Necessary Libraries are pandas, numpy, os, matplotlib and sklearn.

In [1]:
import pandas as pd
import numpy as np
import os
from os import path
import matplotlib.pyplot as plt
import matplotlib.image as mpimg
from sklearn.linear_model import LogisticRegression
from sklearn.model_selection import train_test_split

## Read .csv File 
## Define Directory Name

In [3]:
csv_array = pd.read_csv('./dataset/label.csv')
#csv_array.columns
#csv_array.file_name
#csv_array.label
dir_image = "./dataset/image/"
dir_small_img = "./dataset/small_img/"

if path.exists(dir_small_img) == 'false':
    os.makedirs(dir_small_img)

## Reduce Image Size and Store In Array (Image Pre-processing)

In [5]:
rows, cols = (3000, 16384)             #rows is data set size; cols is width*length (after image size reduction.
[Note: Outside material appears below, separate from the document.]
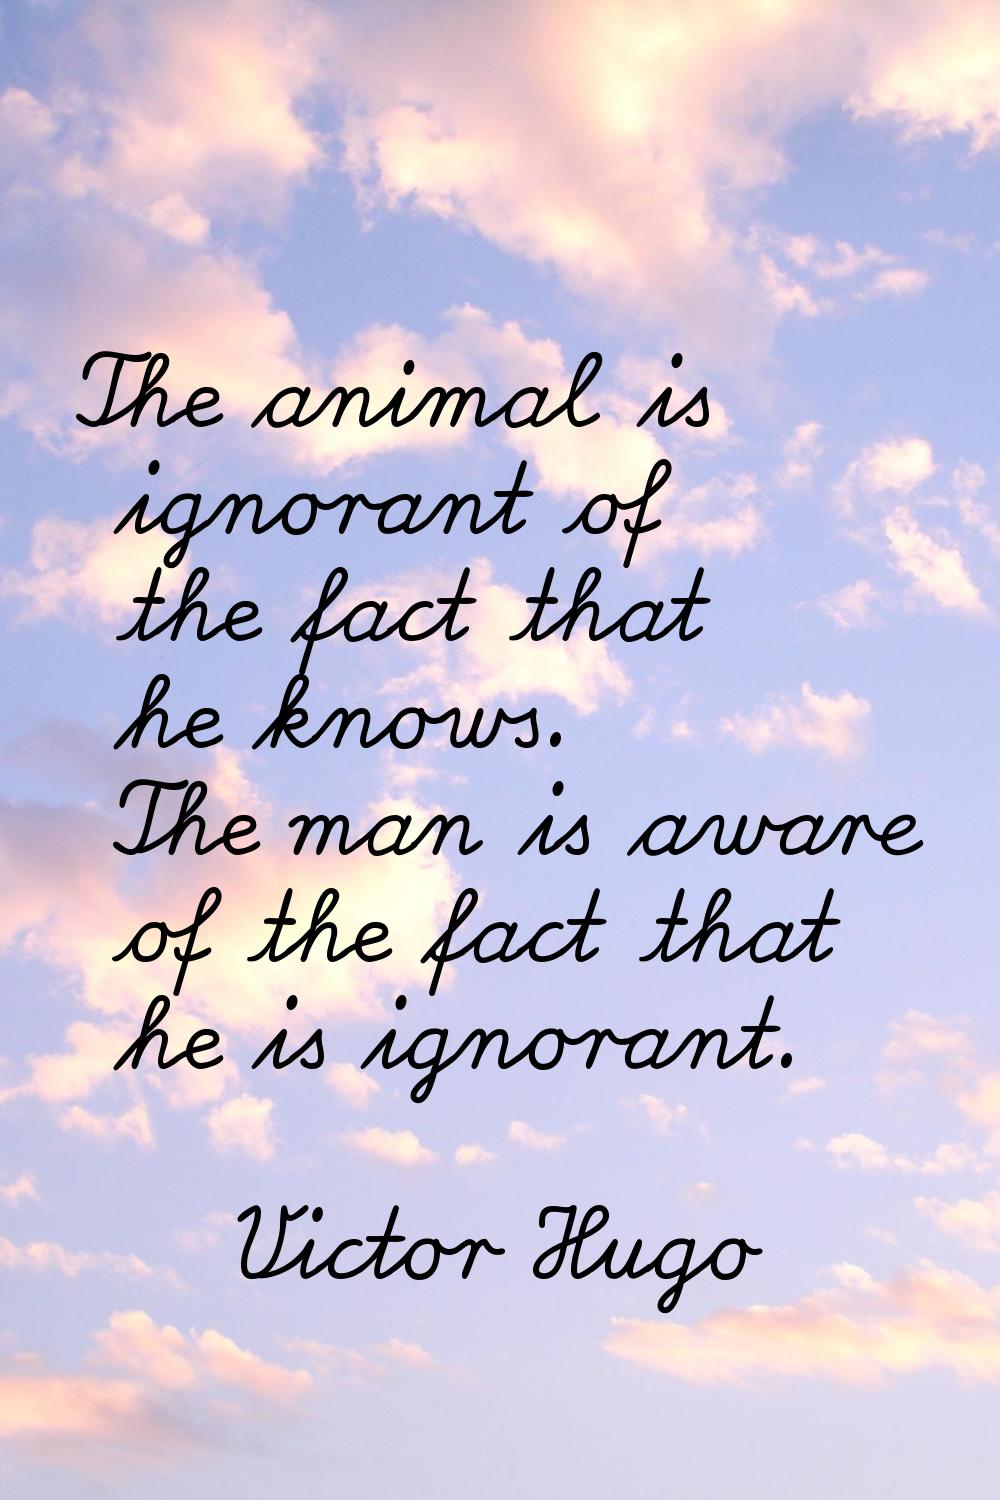 The animal is ignorant of the fact that he knows. The man is aware of the fact that he is ignorant.

Here is 128*128)
#imgs = [[0 for i in range(cols)] for j in range(rows)]     #Initialize an array for all reduced images
imgs = np.zeros((rows,cols))

from PIL import Image                 #Import PIL for image size reduction

basewidth = 128                       #Target image width; original width is 512
img = Image.open("/Users/kuiwang/Documents/Applied ML Systems/FinalAssignment/dataset/image/IMAGE_0000.jpg")
wpercent = float(basewidth) / float(img.size[0])
hsize = int((float(img.size[1]) * float(wpercent)))    #calculated target image height

for i in range(rows):                 #Reduce every image's size and save them in 'small_img' folder
    img = Image.open(dir_image + csv_array.file_name[i])
    img = img.resize((basewidth, hsize), Image.ANTIALIAS)
    img.save(dir_small_img + csv_array.file_name[i])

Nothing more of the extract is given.